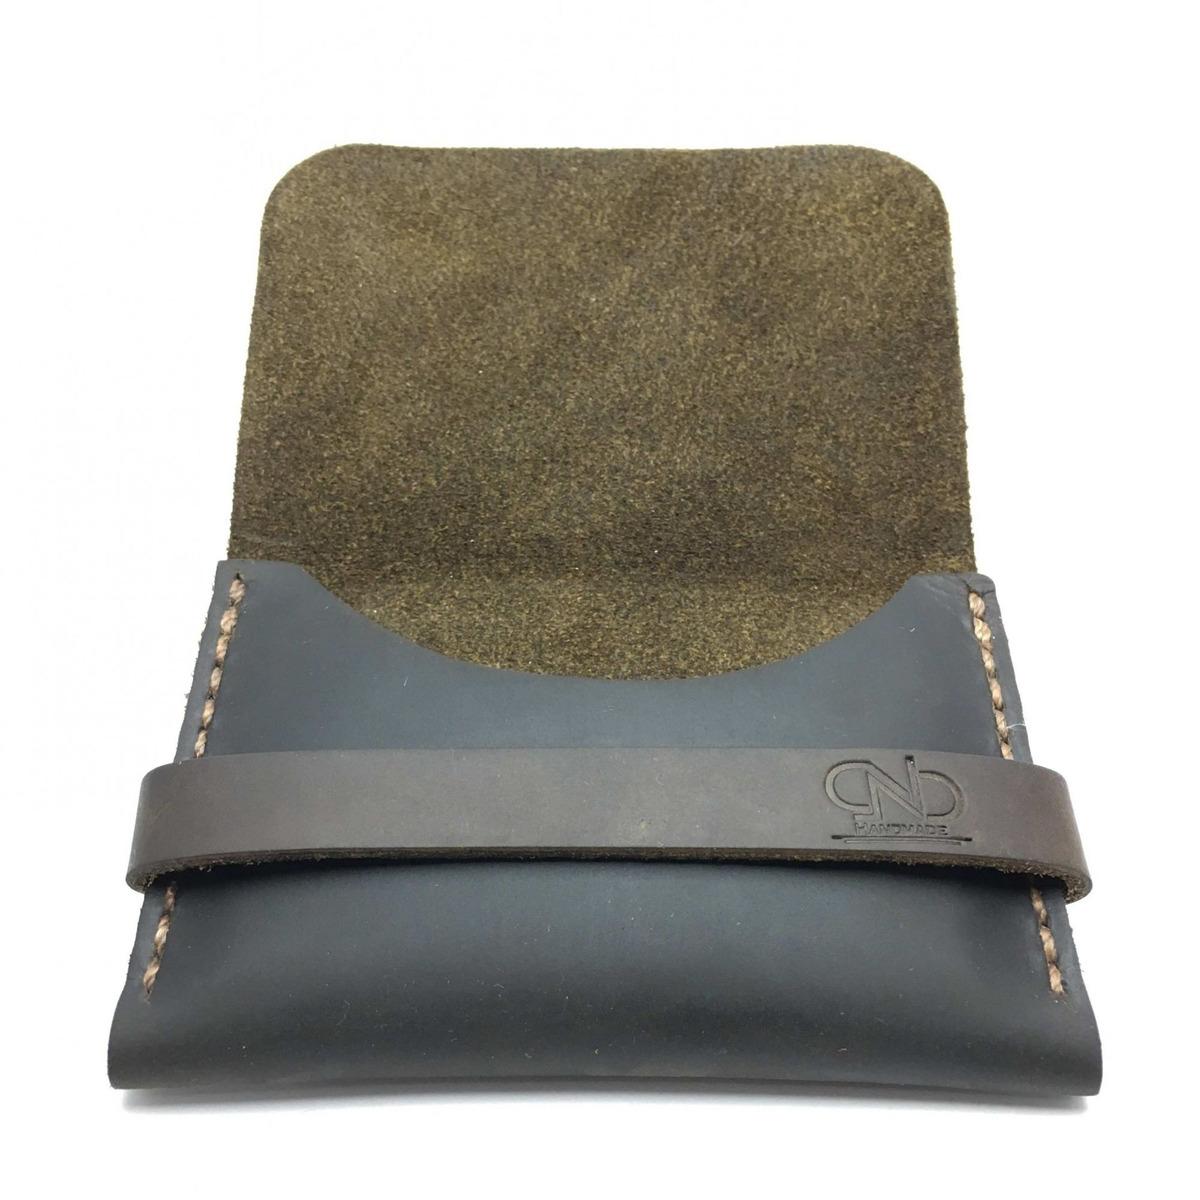 5cd4dbe99 carteira cnb single couro legítimo feito à mão exclusivo top. Carregando  zoom.
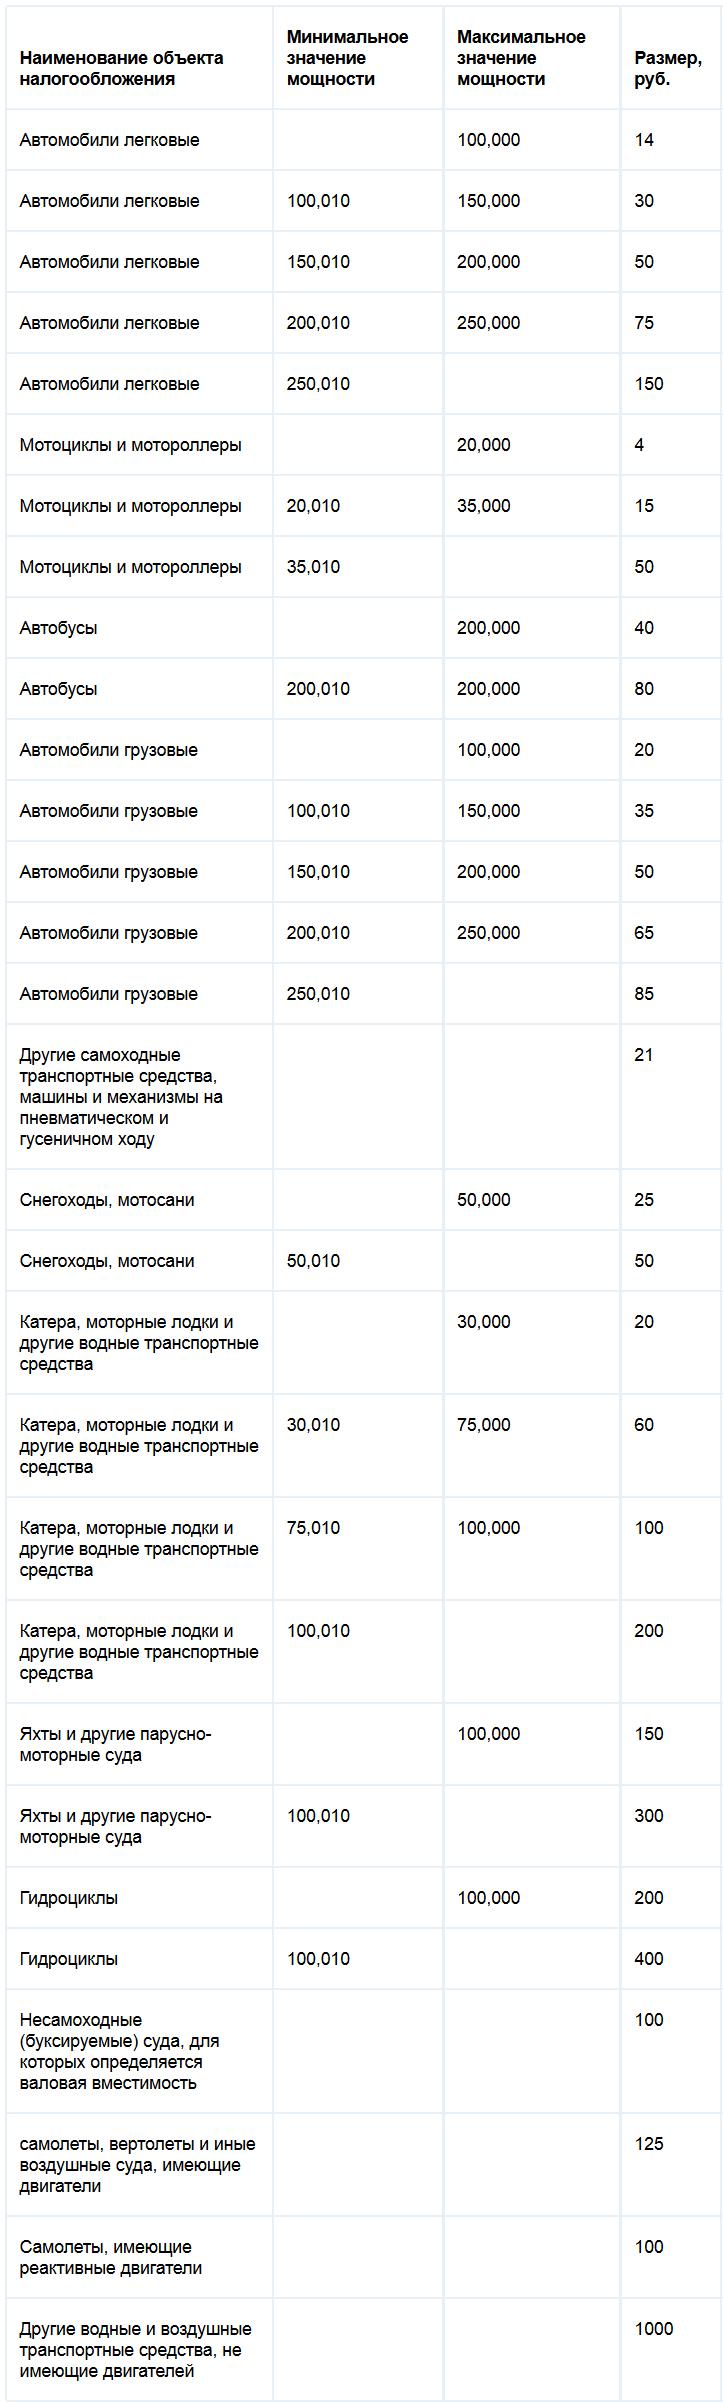 Ставки транспортного налога Саратовской области
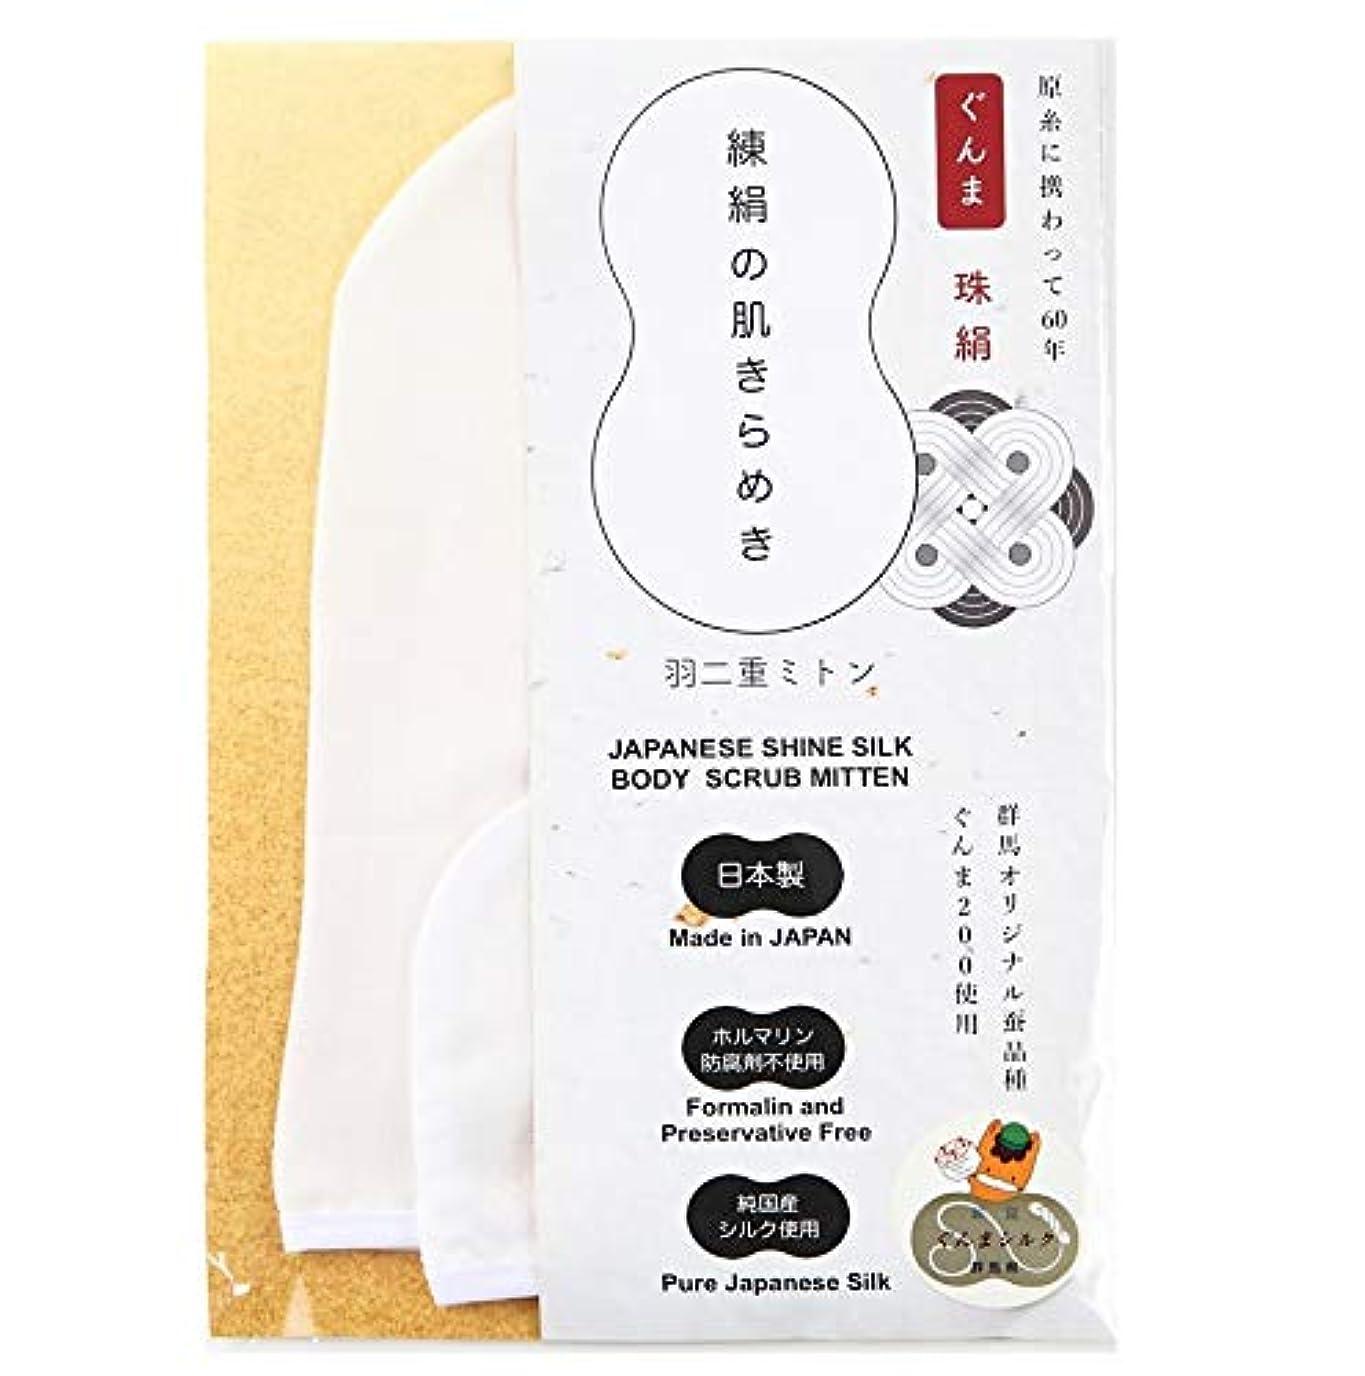 反映するドーム本を読むくーる&ほっと シルクあかすりミトン 純国産絹100%「珠絹(たまぎぬ) 練絹の肌きらめき」ぐんまシルク (群馬県内で一貫製造) 日本製 シルクプロテイン?フィブロインの力で角質ケアボディスクラブミトン 大小セット 羽二重ミトン
========================================================================
• [WHAT YOU SHOULD DO] Leaving the pictures behind, return every line above exactly.

• [RESPONSE AREA]
 5cd4dbe99 carteira cnb single couro legítimo feito à mão exclusivo top. Carregando  zoom.
 Ставки транспортного налога Саратовской области
 反映するドーム本を読むくーる&ほっと シルクあかすりミトン 純国産絹100%「珠絹(たまぎぬ) 練絹の肌きらめき」ぐんまシルク (群馬県内で一貫製造) 日本製 シルクプロテイン?フィブロインの力で角質ケアボディスクラブミトン 大小セット 羽二重ミトン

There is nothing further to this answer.